* **Input data**:
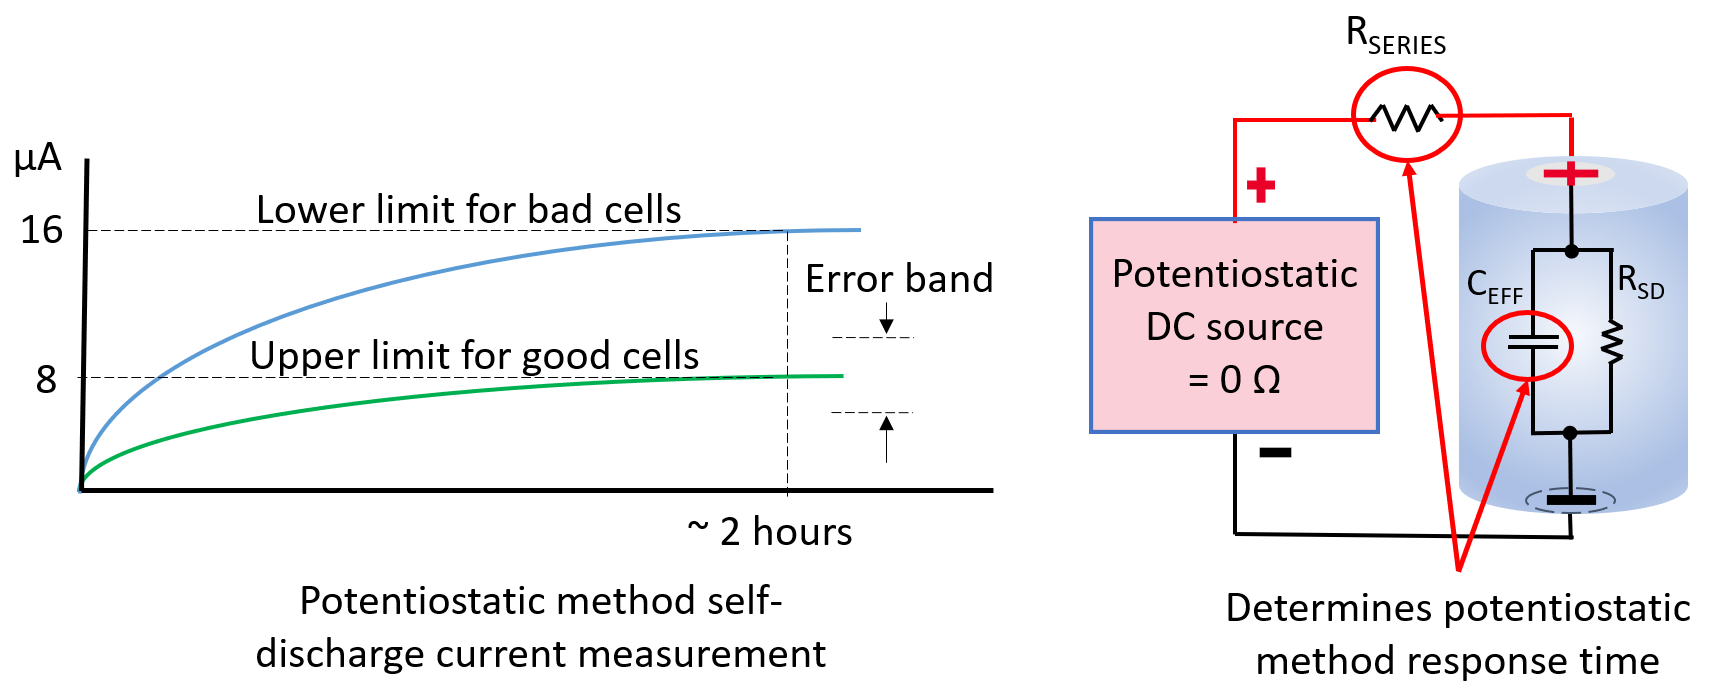 Figura 3 – Cosa determina il tempo di test nel metodo potenziostatico.
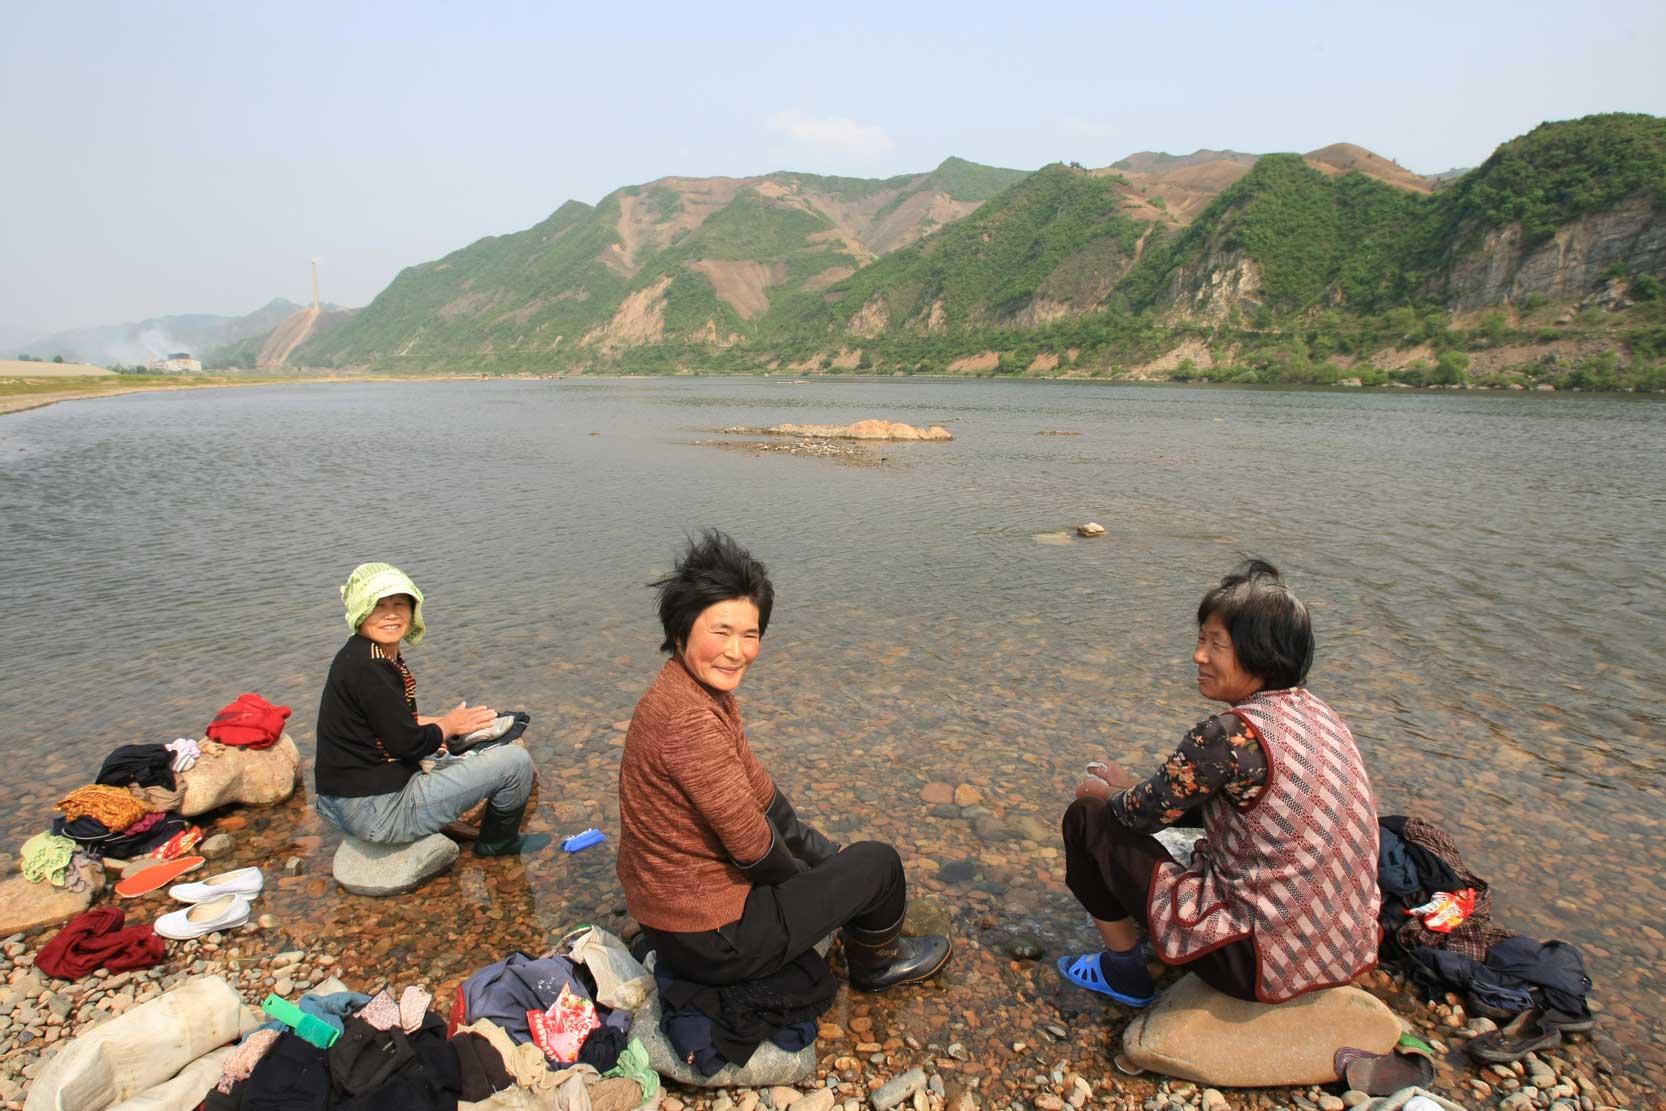 世界遺産のまち、集安~のどかな鴨緑江沿いの風景_b0235153_13281348.jpg
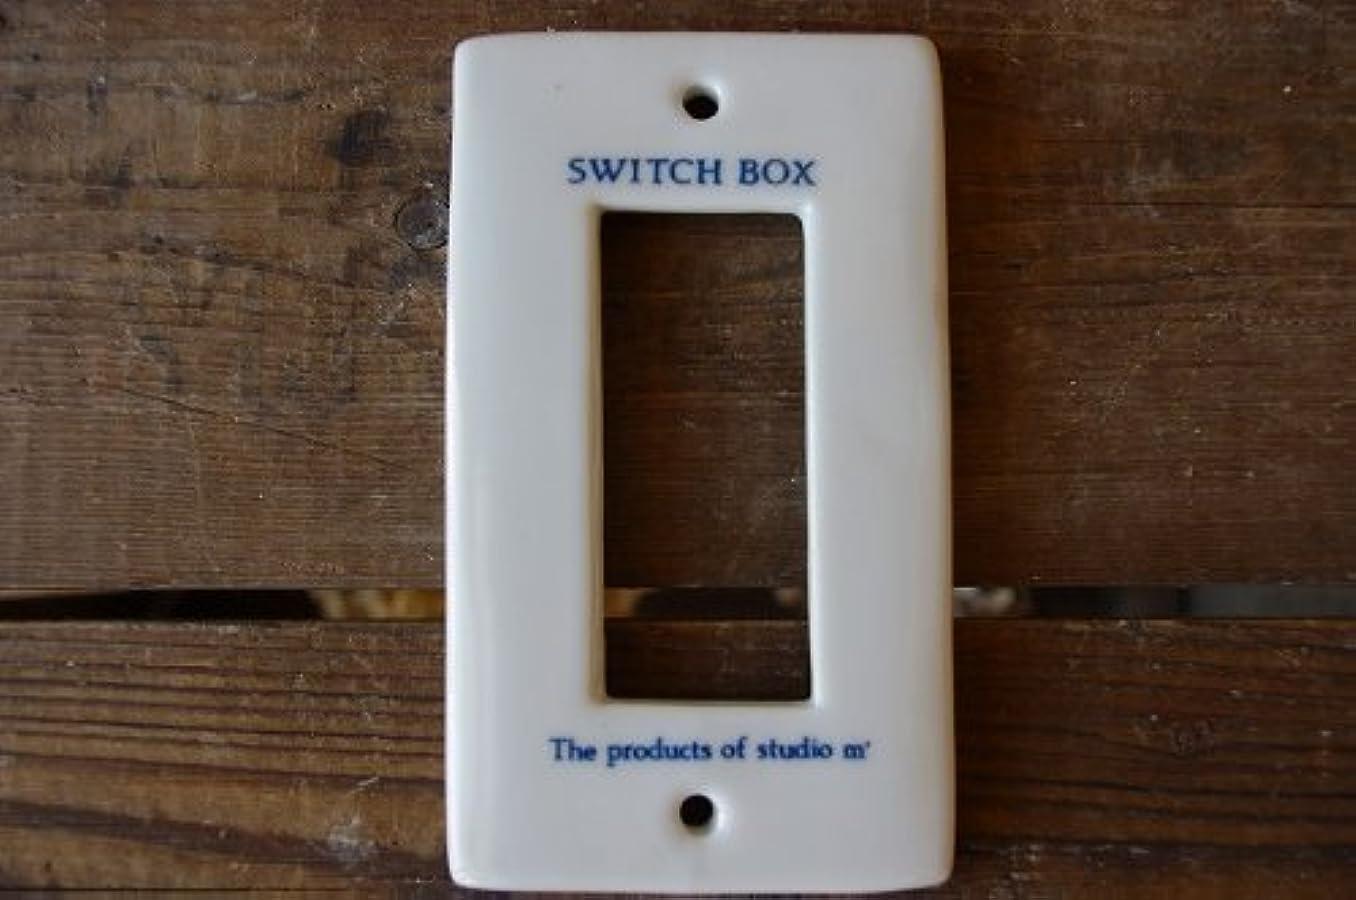 極めて重要な無一文くしゃくしゃスタジオエム スイッチプレート陶器 switch box スイッチボックスカバー (3穴)

* **Work required**: Omit the pictures. Transcribe word for word the lines from the one containing "世界遺産のまち、集安~のどか" through the end of the listing, inclusive.

* **Solution to the exercise**:
 世界遺産のまち、集安~のどかな鴨緑江沿いの風景_b0235153_13281348.jpg
 極めて重要な無一文くしゃくしゃスタジオエム スイッチプレート陶器 switch box スイッチボックスカバー (3穴)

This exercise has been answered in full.